## WHAT IS REQUIRED
Below are lines of records; copy exactly those from the one containing "Mick Jagger and" through the one containing "DISNEY PRODUCTION CEL SIGNED BY 3cd91f", leaving the pictures behind.

## GIVEN INFORMATION
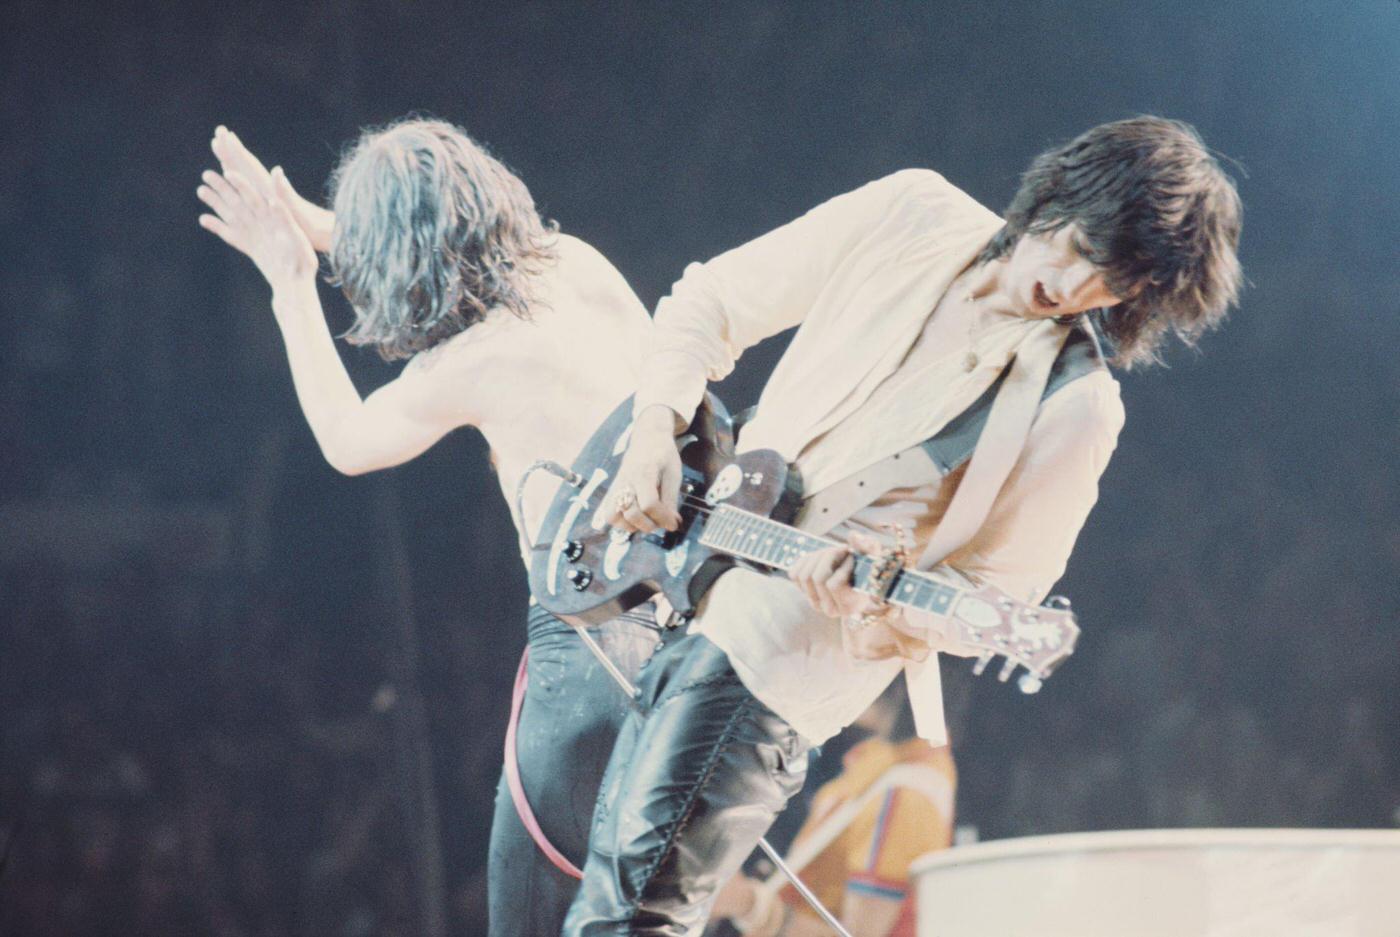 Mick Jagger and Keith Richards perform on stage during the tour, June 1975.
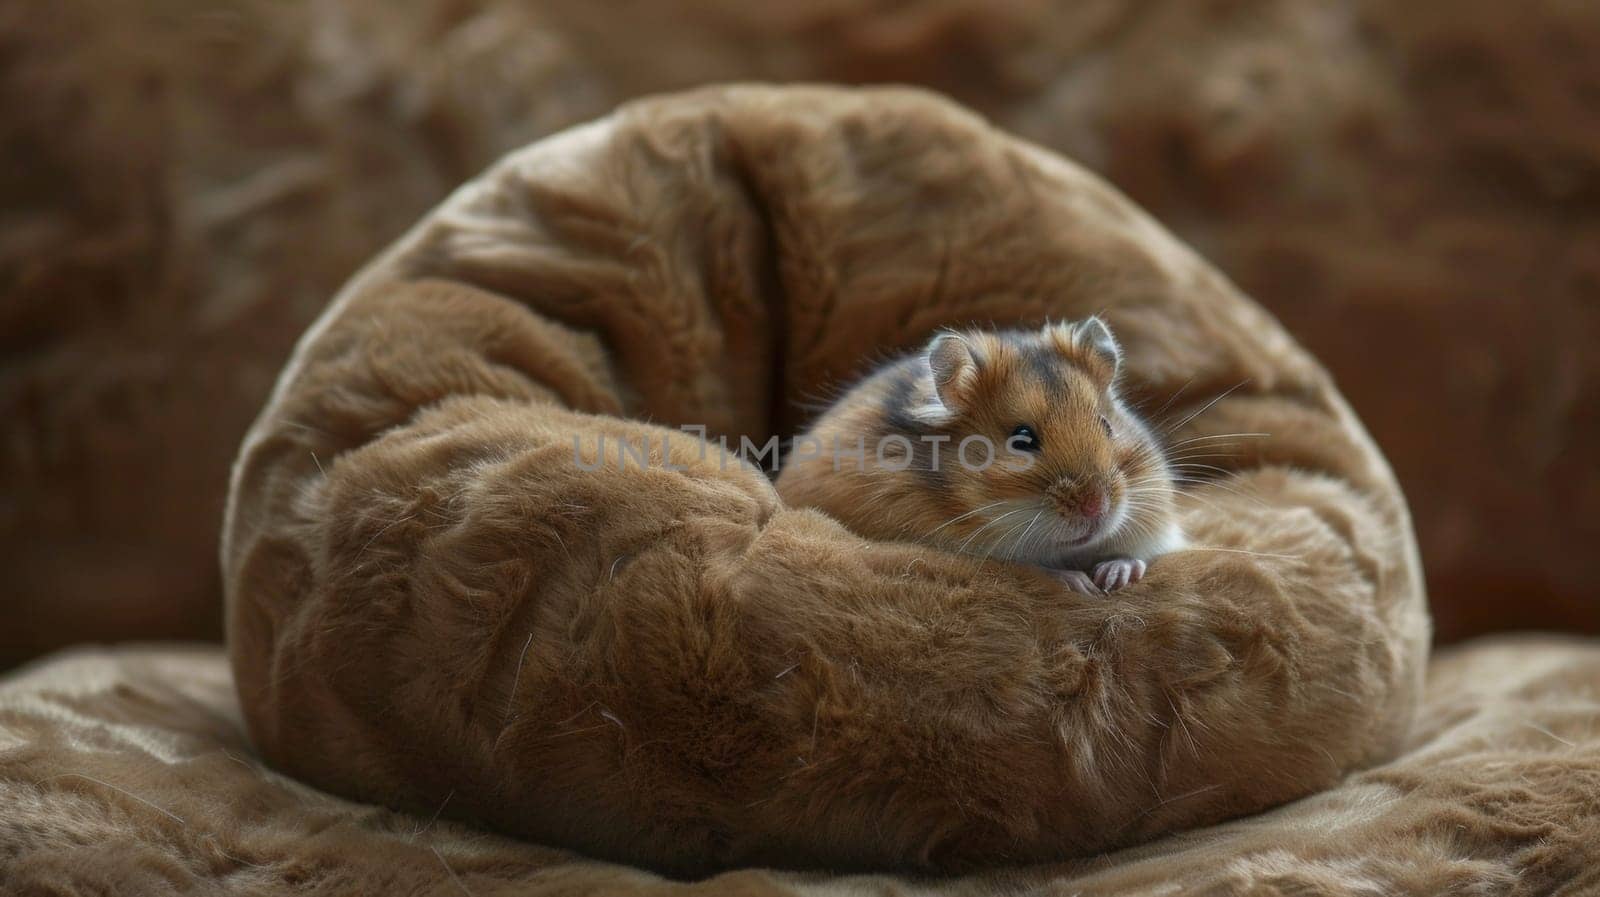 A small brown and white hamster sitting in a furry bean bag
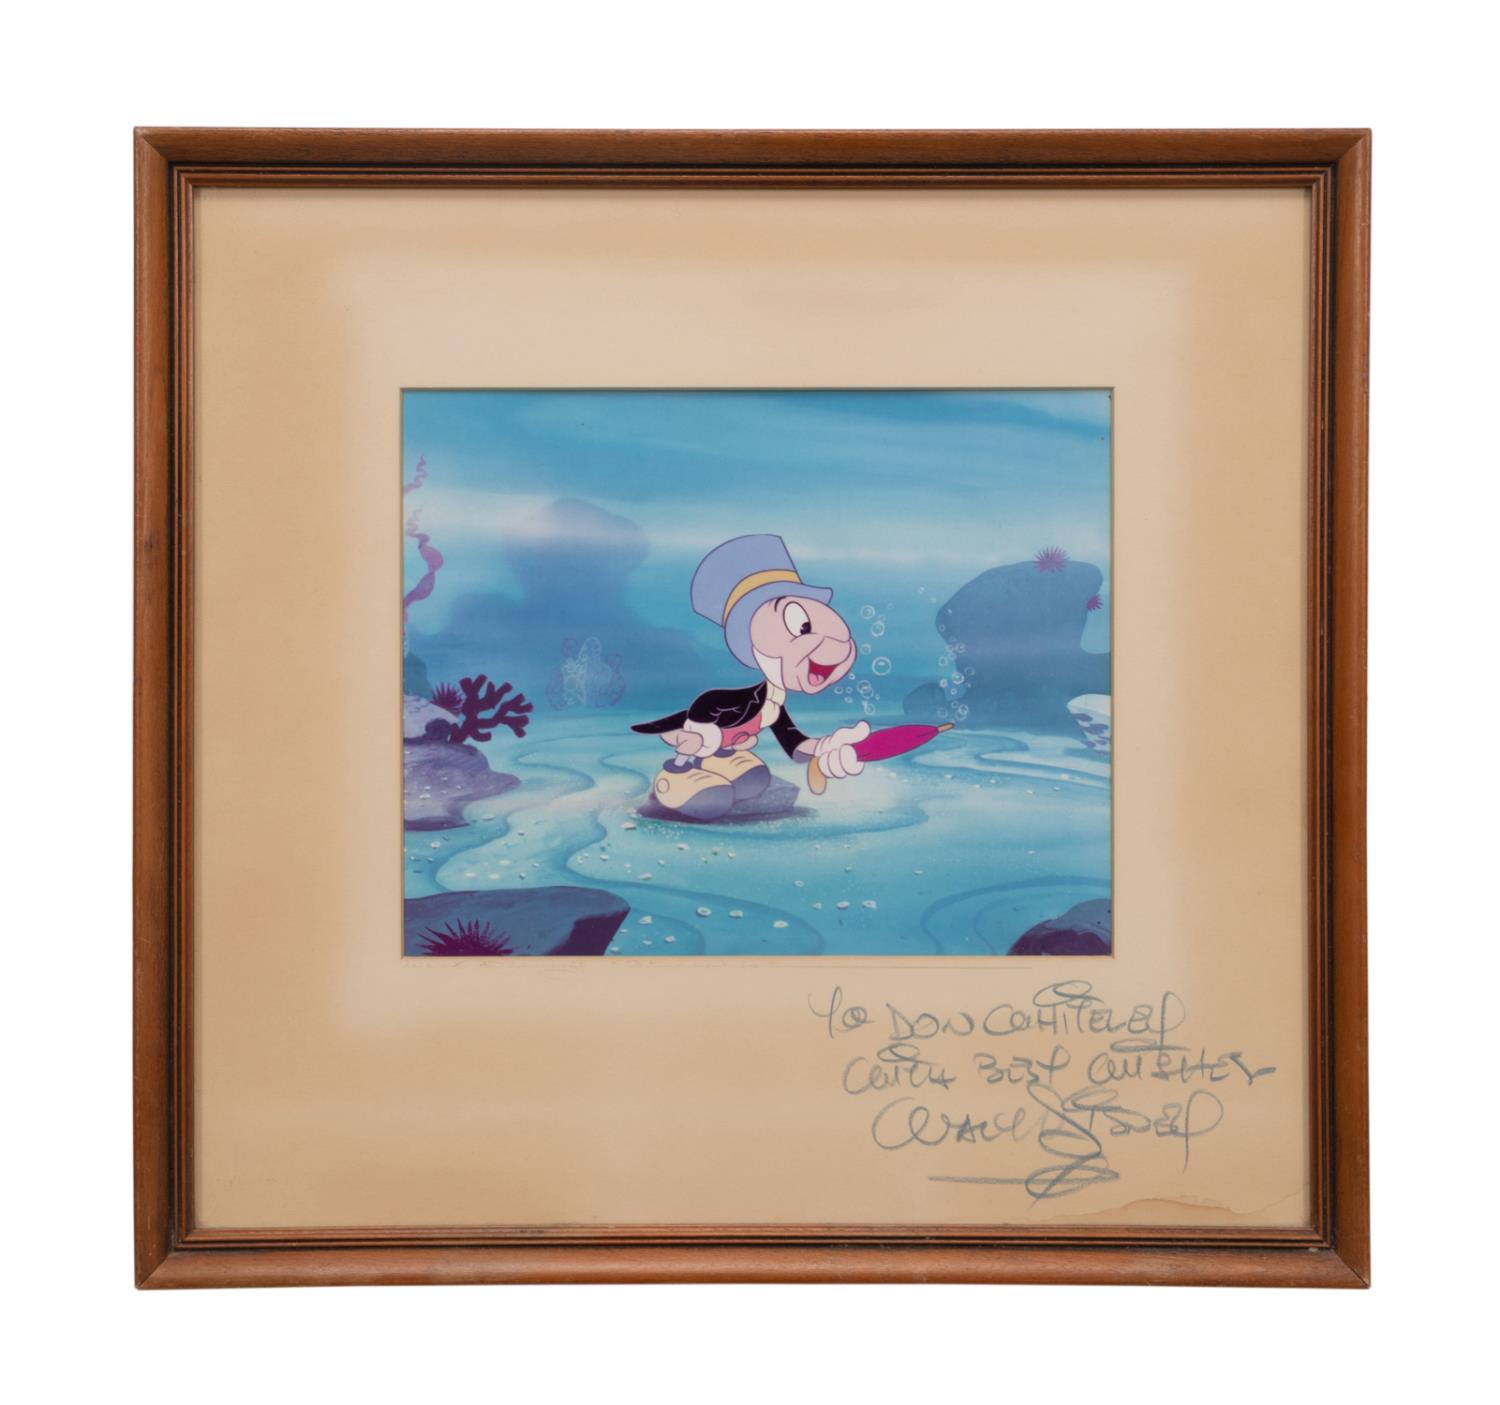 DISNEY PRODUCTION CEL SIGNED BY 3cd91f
---
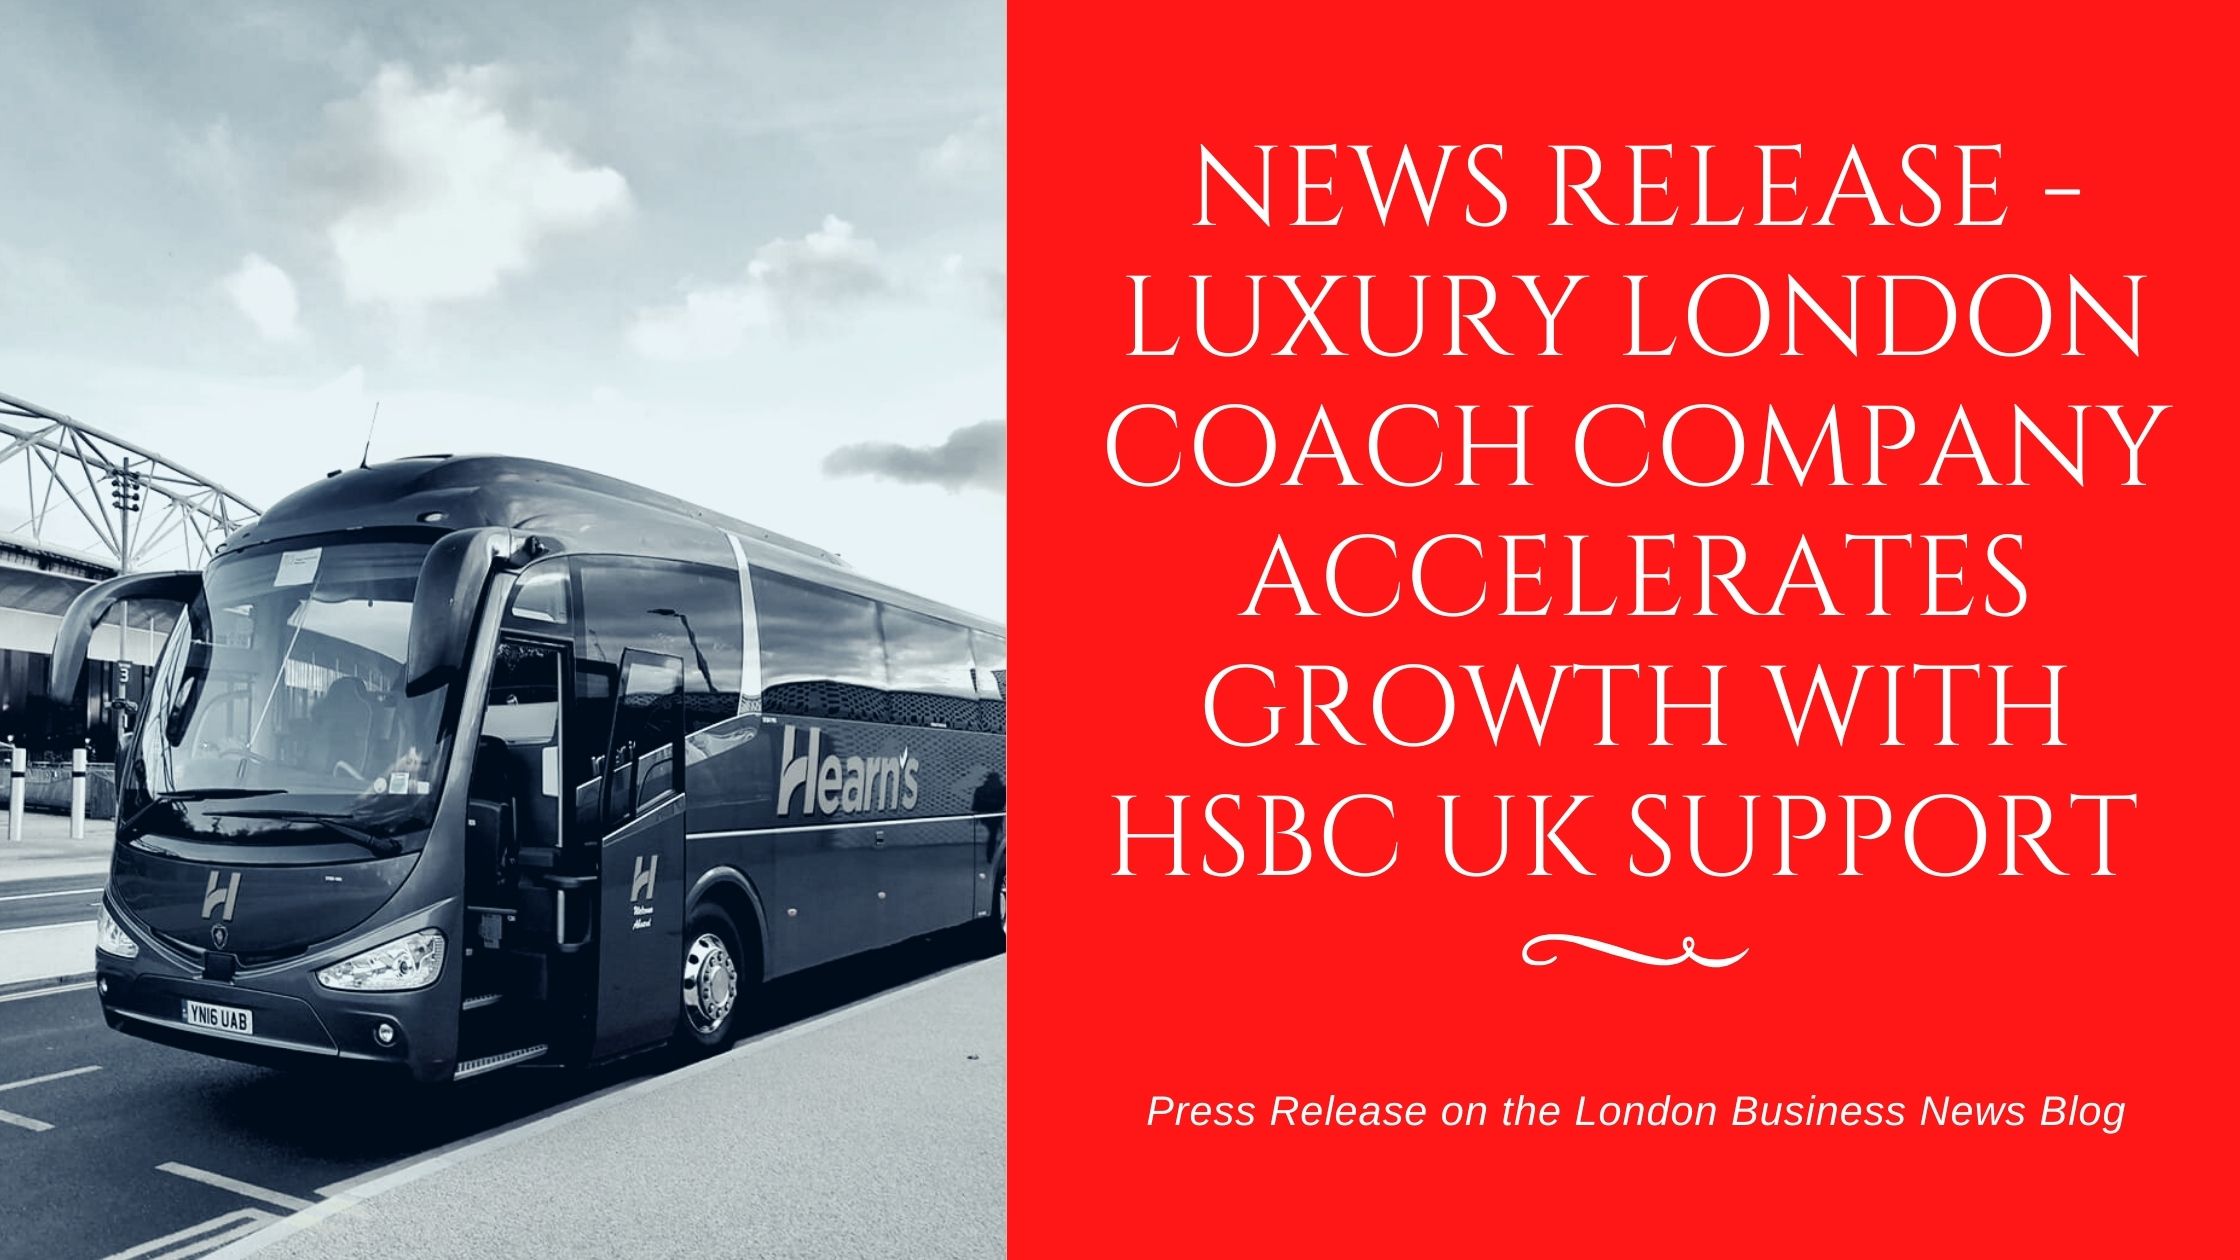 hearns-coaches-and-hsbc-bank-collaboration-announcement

## EXERCISE RESPONSE
 Mick Jagger and Keith Richards perform on stage during the tour, June 1975.
 A small brown and white hamster sitting in a furry bean bag
 DISNEY PRODUCTION CEL SIGNED BY 3cd91f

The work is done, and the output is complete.